Japanese Alphabet | ひらがな・カタカナ
Learn the Japanese alphabet using Hiragana and Katakana. Hiragana is used for native words and grammar, while Katakana is used for loanwords, emphasis, and names.
Downloads
A4-ready downloads for printing and offline use.
Downloads
A4-ready downloads for printing and offline use.
Understanding Japanese Letters
The Japanese alphabet has 46 letters. Japanese is written using three systems: Hiragana, Katakana, and Kanji. You will notice patterns pretty quickly once you stop trying to compare every shape to English.
Here is the key: this page gives you audio pronunciation for the letters, so you can connect each symbol to a real sound instead of guessing. Start small, repeat a few letters, then add more.
Quick starter set to look at right now: あ い う え お か き く け こ.
Japanese Pronunciation Guide
The fastest way to learn Japanese pronunciation is simple: tap audio, repeat, and copy the sound as closely as you can. If English is your first language, your brain will try to “auto-correct” new sounds into English. Don’t let it.
Start with the clearest sounds first. When a sound feels new, keep your mouth relaxed and repeat the audio a few times before you try to speed up.
Here are a few examples to practice: あ (a), like a, い (i), like i, う (u), like u, え (e), like e. Listen once, repeat three times, then move on.
How to Write Japanese Letters
Learning how to write Japanese letters becomes much easier when you use your hand, not just your eyes. Copy one letter at a time, then write it again without looking.
This alphabet does not use uppercase and lowercase like English. Focus on consistent size, clean shapes, and steady spacing. Clear beats fancy.

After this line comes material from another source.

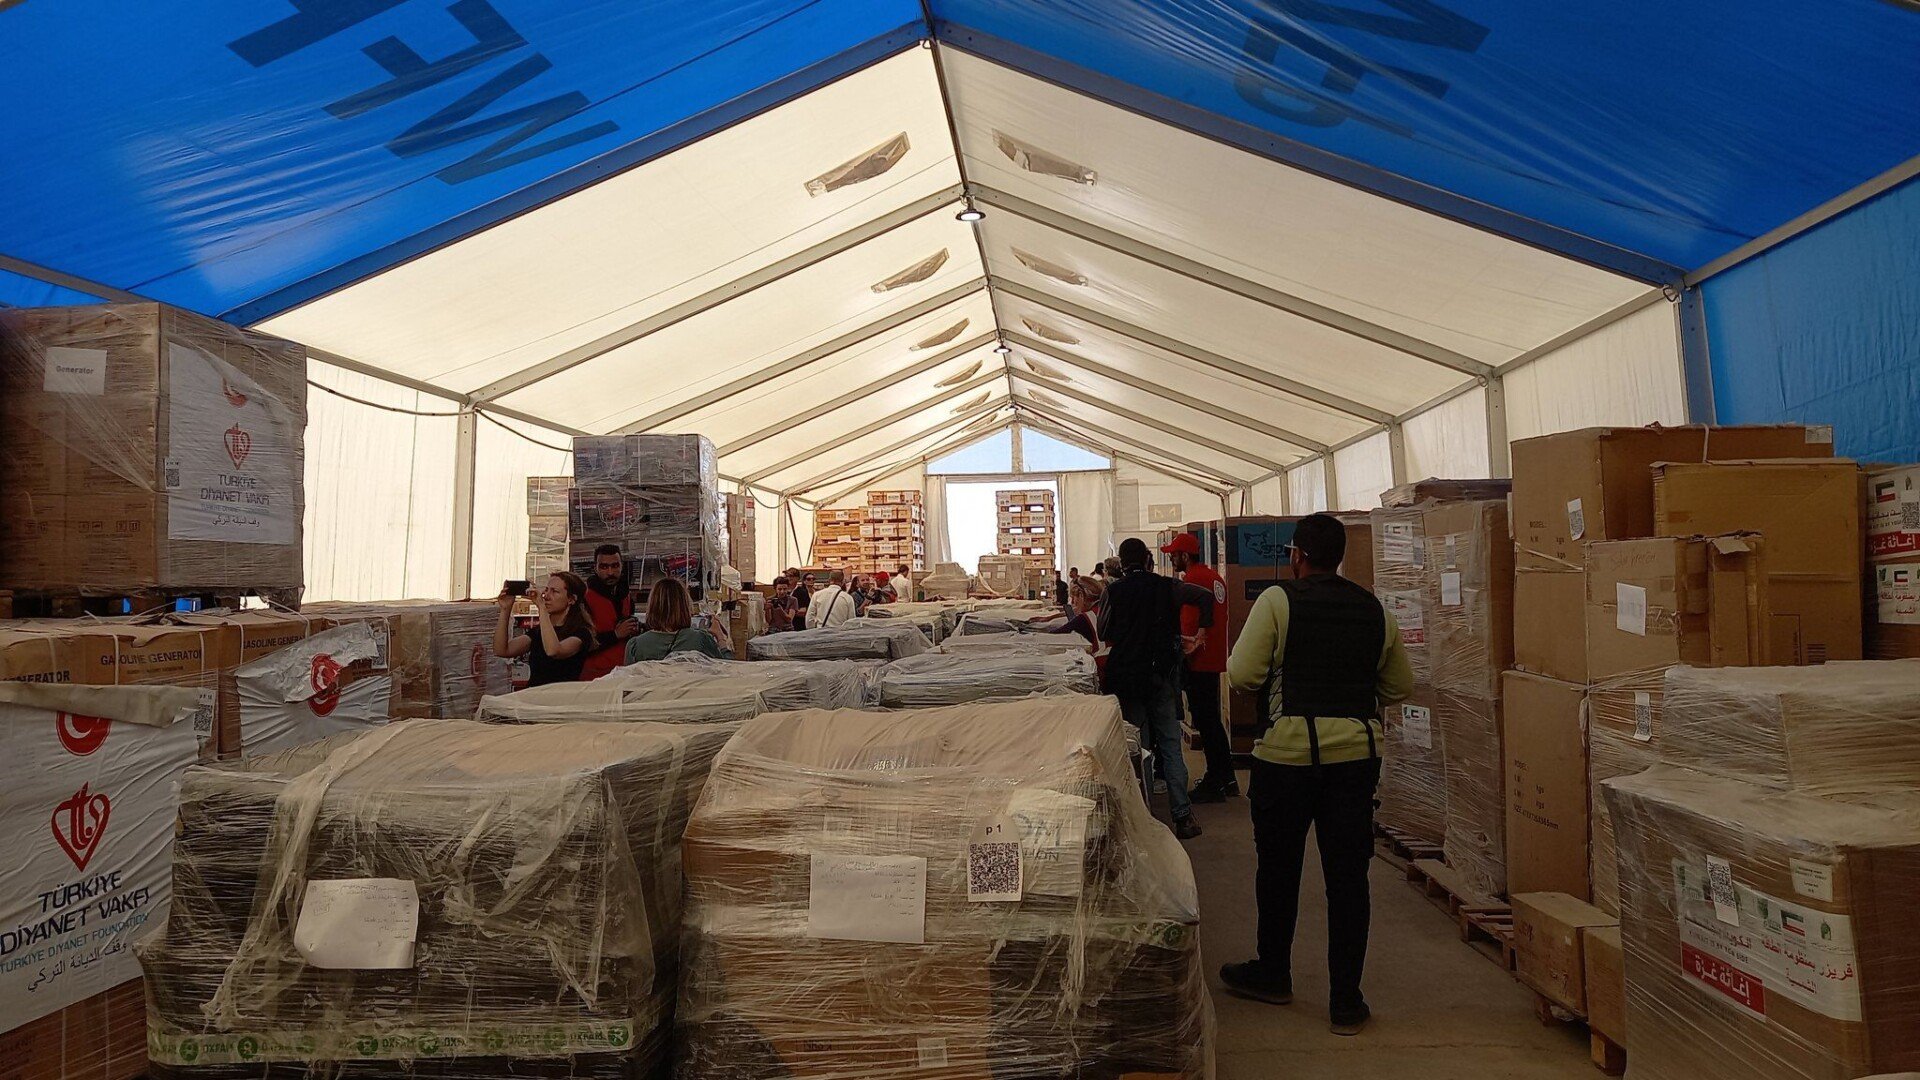 Galpão com caixas de ajuda humanitária para Gaza em Rafah, no Egito

Write left to right like English. Start with single letters, then try short letter groups to build flow.
The trick is to slow down for the first week. Once you get the hang of the shapes, speed comes naturally.

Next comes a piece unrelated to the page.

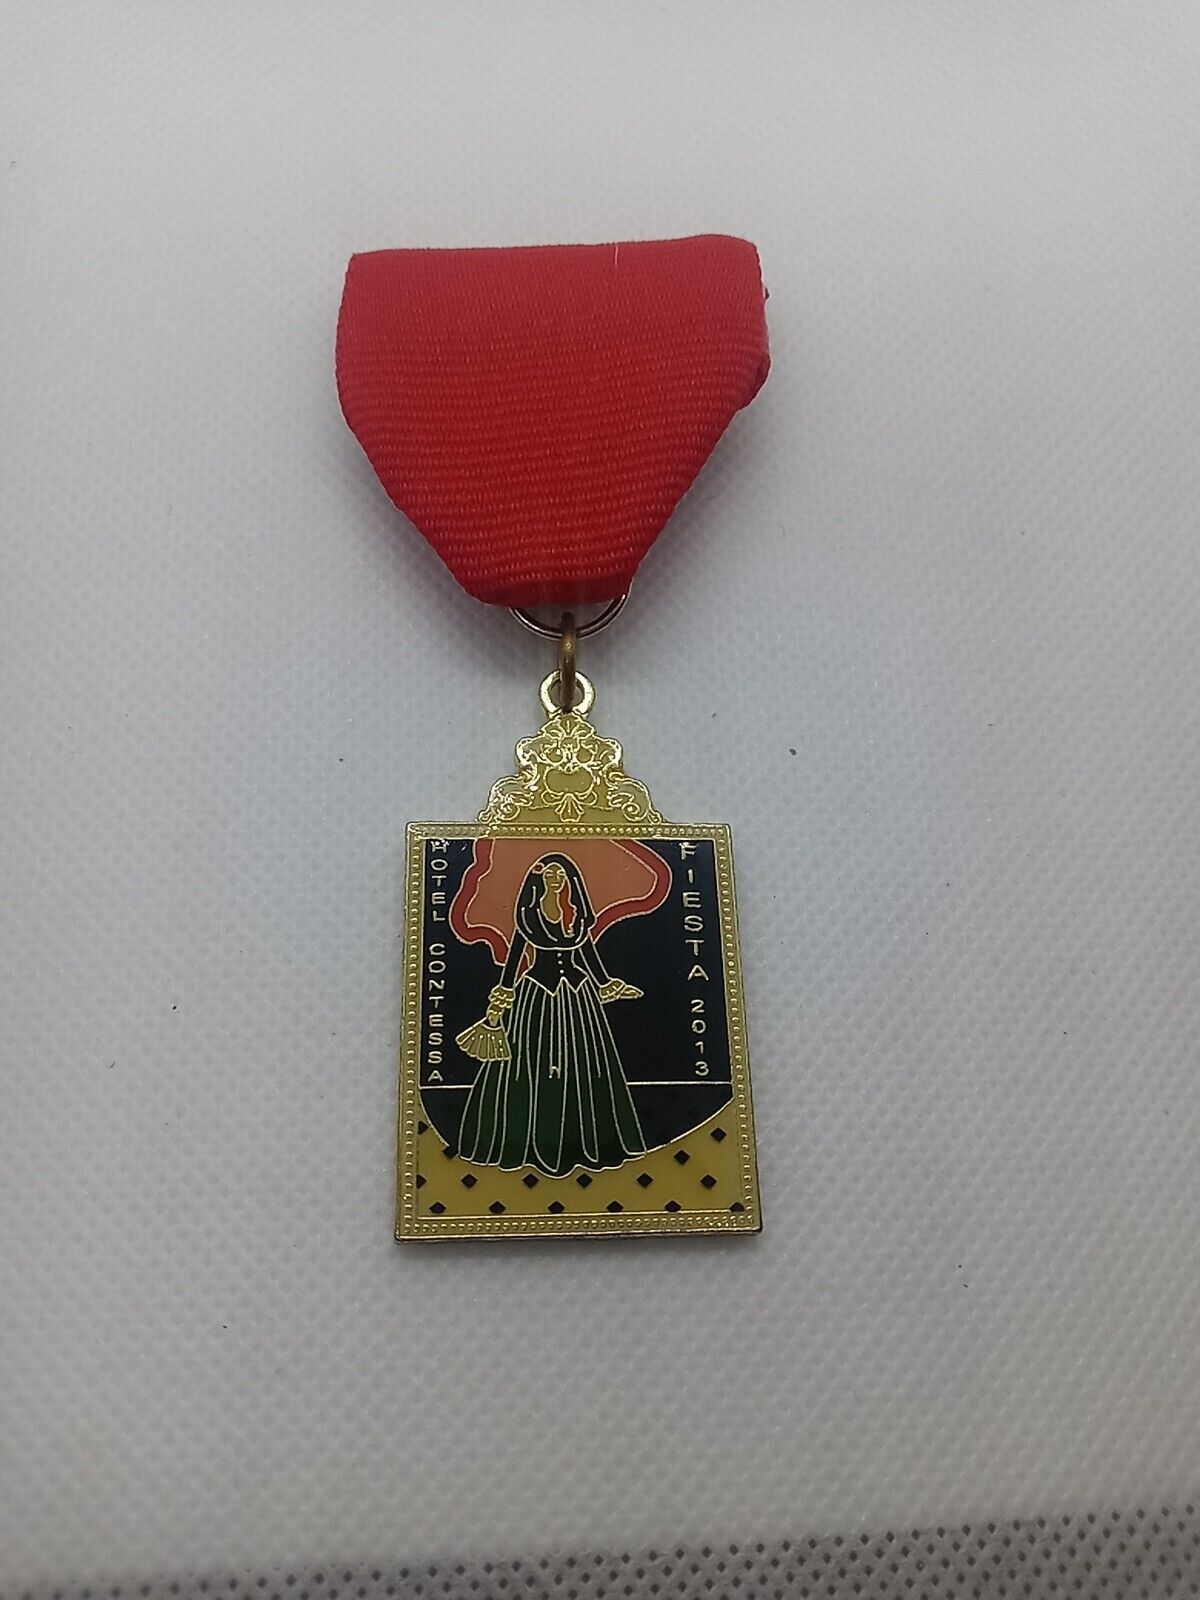 2013 Hotel Contessa Fiesta Medal San Antonio

Learn Japanese Letters With Audio
Audio is your shortcut. Use it to train your ear and your mouth at the same time. A simple routine works: listen → repeat three times → write the letter five times.
Ten minutes per day is enough if you are consistent. Many learners discover that short daily practice beats long sessions once a week.
If you get stuck, do not guess. Tap the audio again, slow down, and try one more time.
Japanese Alphabet vs English
English uses the Latin alphabet, but spelling and pronunciation change a lot from word to word. With many alphabets, once you learn the core sounds, reading can feel more direct.
Japanese may use different letter shapes than English, even when it is written left to right. Focus on the sound and the symbol, not the English look-alikes.
When you learn the key sounds and practice with audio pronunciation, reading becomes much easier. Use the PDF, image, and worksheet downloads to keep practicing offline, then come back and test yourself with audio again.